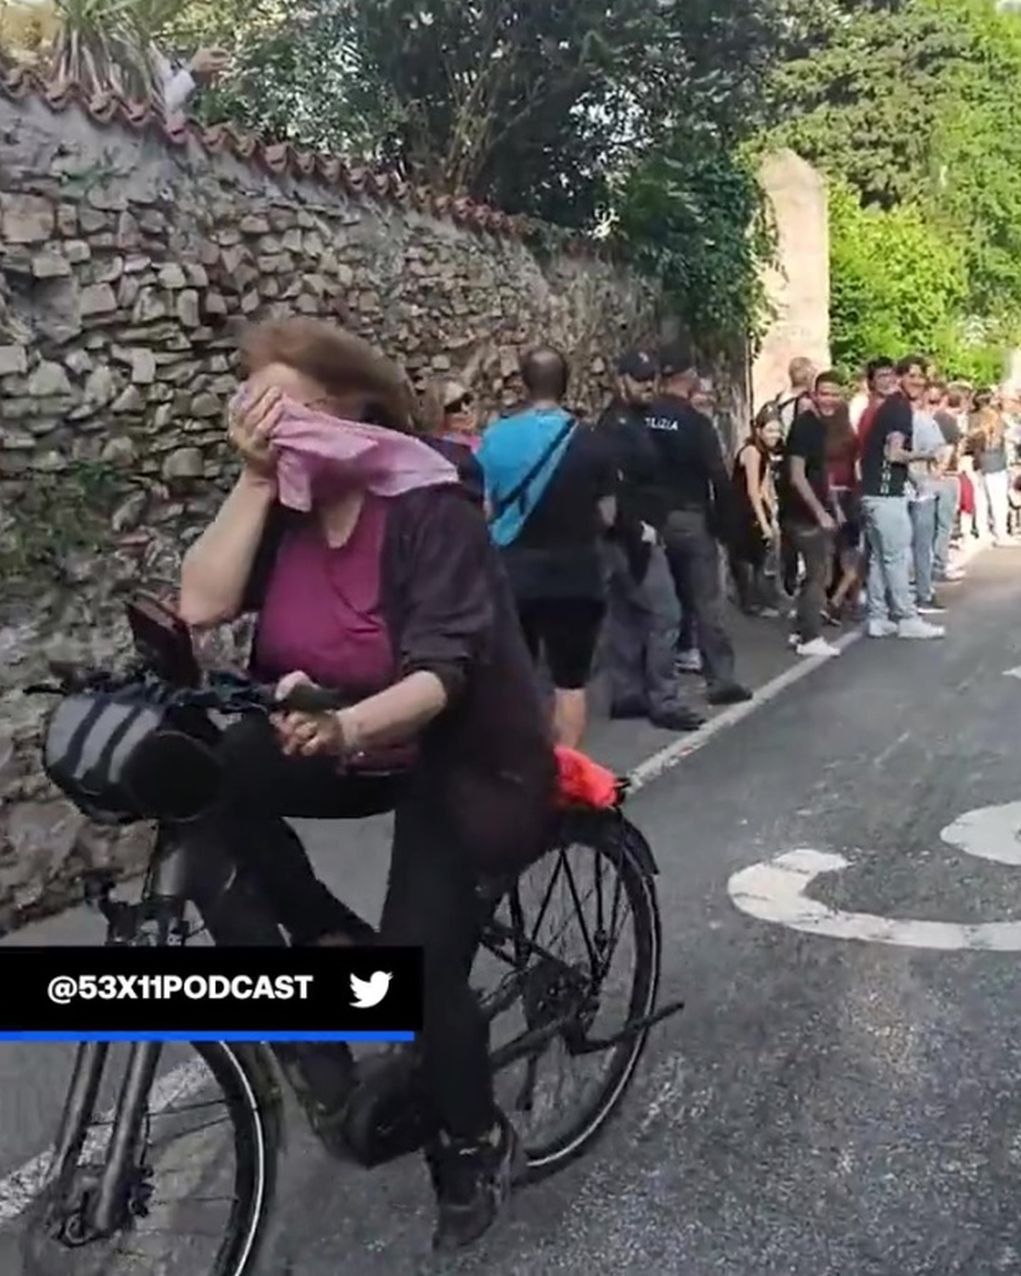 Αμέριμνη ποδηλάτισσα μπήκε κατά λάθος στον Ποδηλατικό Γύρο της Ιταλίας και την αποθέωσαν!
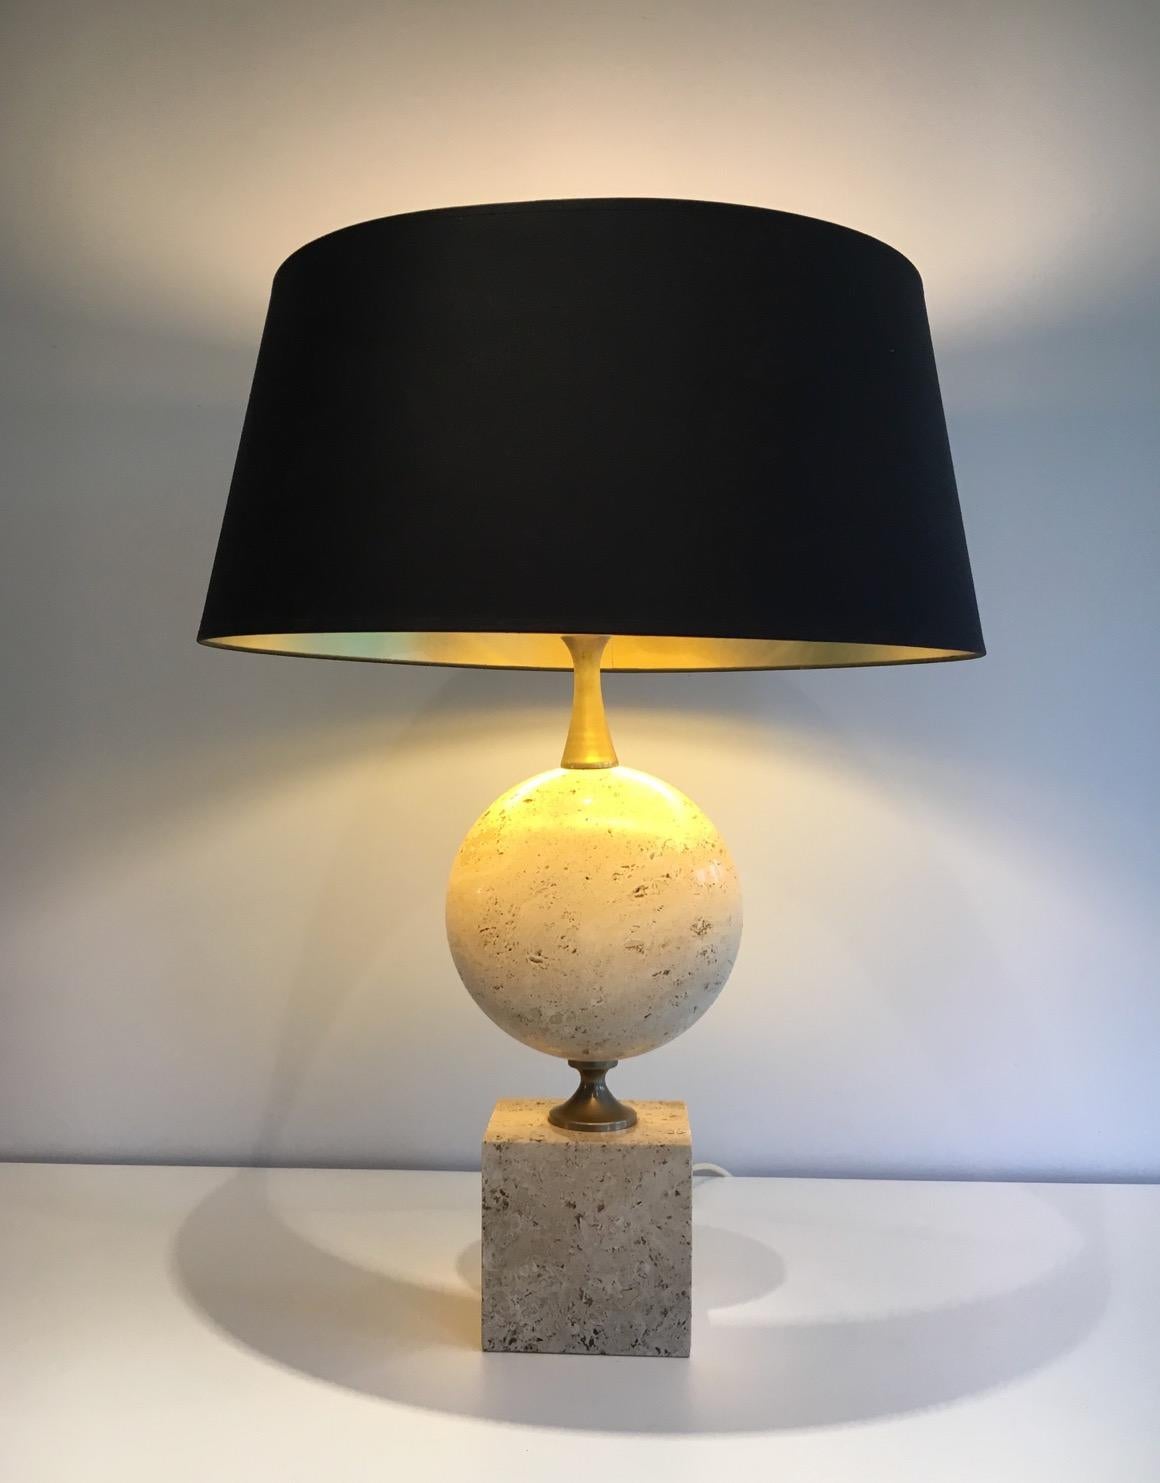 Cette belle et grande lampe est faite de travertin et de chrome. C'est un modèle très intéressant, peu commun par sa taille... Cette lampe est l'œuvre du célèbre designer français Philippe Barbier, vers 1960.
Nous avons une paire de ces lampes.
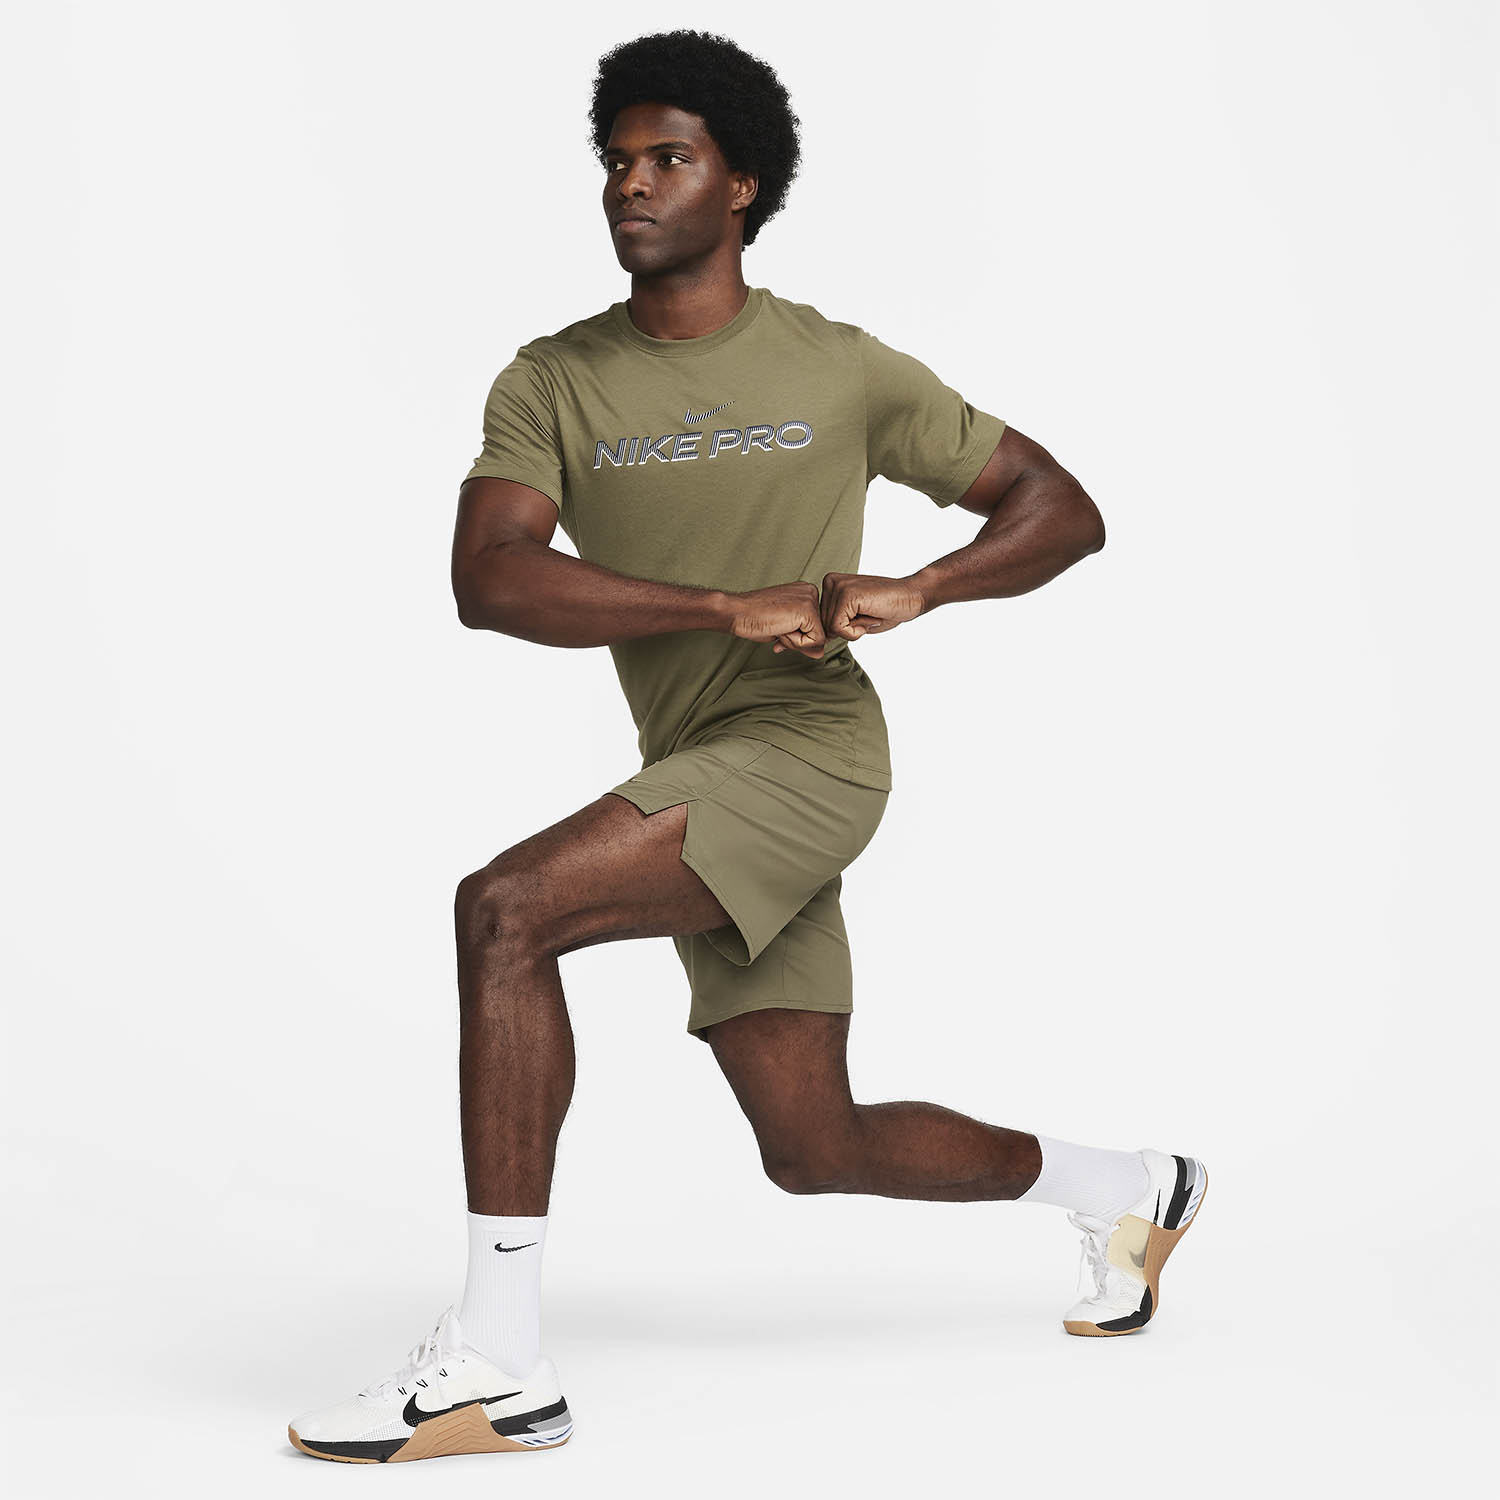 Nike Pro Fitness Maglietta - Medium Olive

--------

EXERCISE OBJECTIVE => Retyping is limited to the line with "Nous avons une paire de ces lampes." and the lines after it in the material above; give them exactly and leave out the pictures.

EXERCISE ANSWER =>
Nous avons une paire de ces lampes.
 Nike Pro Fitness Maglietta - Medium Olive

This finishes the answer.